Query events within a specific time period:

```python theme={null}
result = client.events.get_events(
    filters=[
        EventFilter(
            field="event_type",
            value="model",
            operator=Operator.is_,
            type=Type.string,
        ),
    ],
    date_range={
        "$gte": "2024-01-01T00:00:00.000Z",
        "$lte": "2024-01-31T23:59:59.999Z",
    },
    limit=1000,
)
```

## Available Filter Operators

| Operator     | Python                  | Description        |
| ------------ | ----------------------- | ------------------ |
| Equals       | `Operator.is_`          | Exact match        |
| Not equals   | `Operator.is_not`       | Exclude matches    |
| Contains     | `Operator.contains`     | Substring match    |
| Not contains | `Operator.not_contains` | Exclude substring  |
| Greater than | `Operator.greater_than` | Numeric comparison |

## Common Filterable Fields

| Field                    | Description                            |
| ------------------------ | -------------------------------------- |
| `event_type`             | `session`, `model`, `tool`, or `chain` |
| `event_name`             | Name of the event/span                 |
| `session_id`             | Session/trace ID                       |
| `metrics.<name>`         | Evaluator scores                       |
| `feedback.<name>`        | User feedback values                   |
| `metadata.<name>`        | Custom metadata                        |
| `user_properties.<name>` | User properties                        |

<Note>
  Session events include aggregated metadata like `num_events`, `cost`, `total_tokens`. See [Session Aggregations](/v2/tracing/aggregation-logic) for details.
</Note>

## Export Timeouts and Retries

Export operations (`export()`, `export_async()`, `get_by_session_id()`) use a default read timeout of **300 seconds** to handle large result sets.

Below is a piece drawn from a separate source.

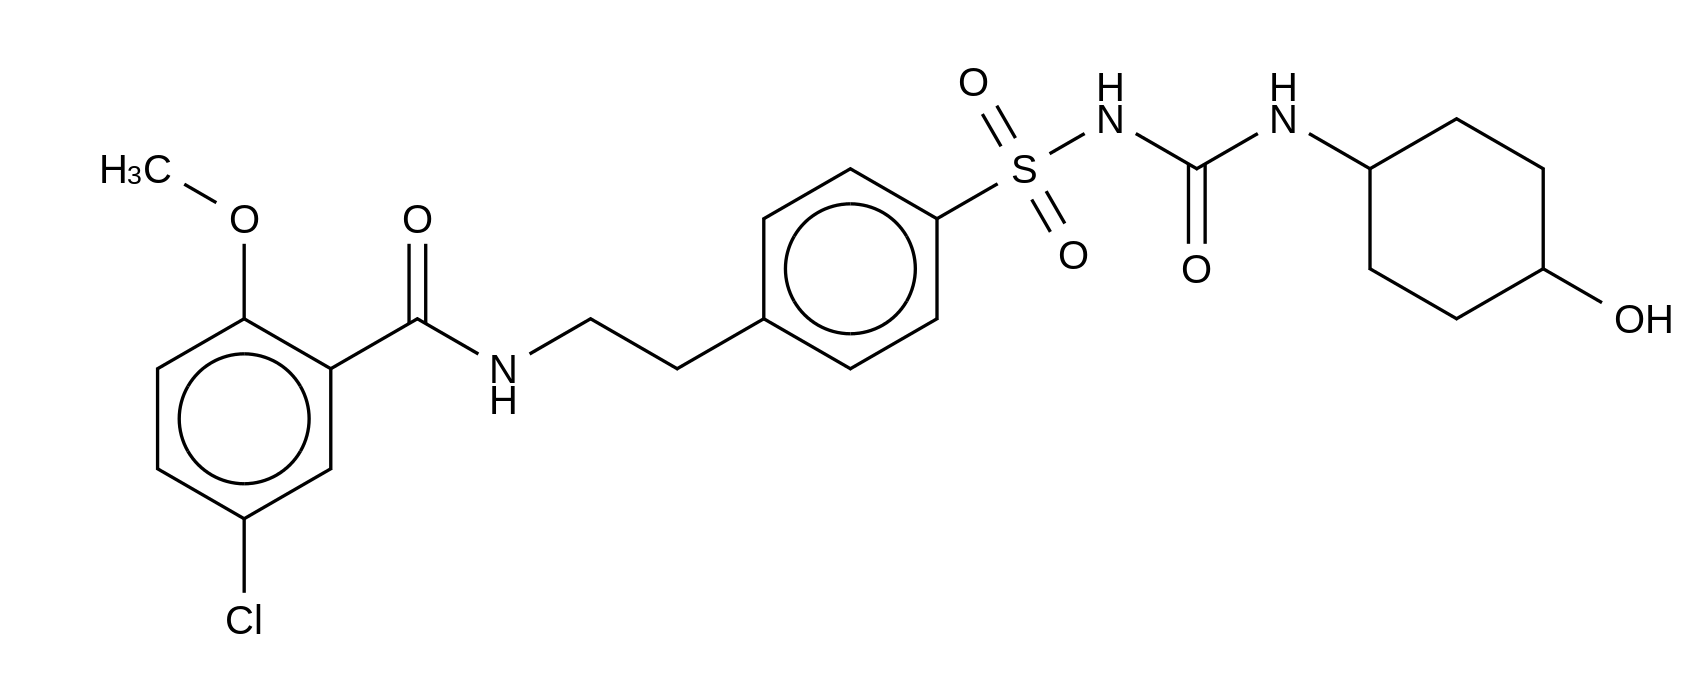 rac cis-4-Hydroxy Glyburide

You can override this with the `HH_EXPORT_TIMEOUT_SECONDS` environment variable:

```bash theme={null}
export HH_EXPORT_TIMEOUT_SECONDS=600  # 10 minutes
```

```python theme={null}
import os
from honeyhive import HoneyHive
os.environ["HH_EXPORT_TIMEOUT_SECONDS"] = "600"

# Must be set before creating the client
client = HoneyHive(api_key=os.environ["HH_API_KEY"])
```

<Note>
  The environment variable must be set **before** the `HoneyHive` client is instantiated. The timeout value must be a positive number (in seconds). If an invalid value is provided, the SDK falls back to the default of 300 seconds.
</Note>

The `export_async()` method automatically retries on transient HTTP errors (502, 503, 504), matching the behavior of `export()`.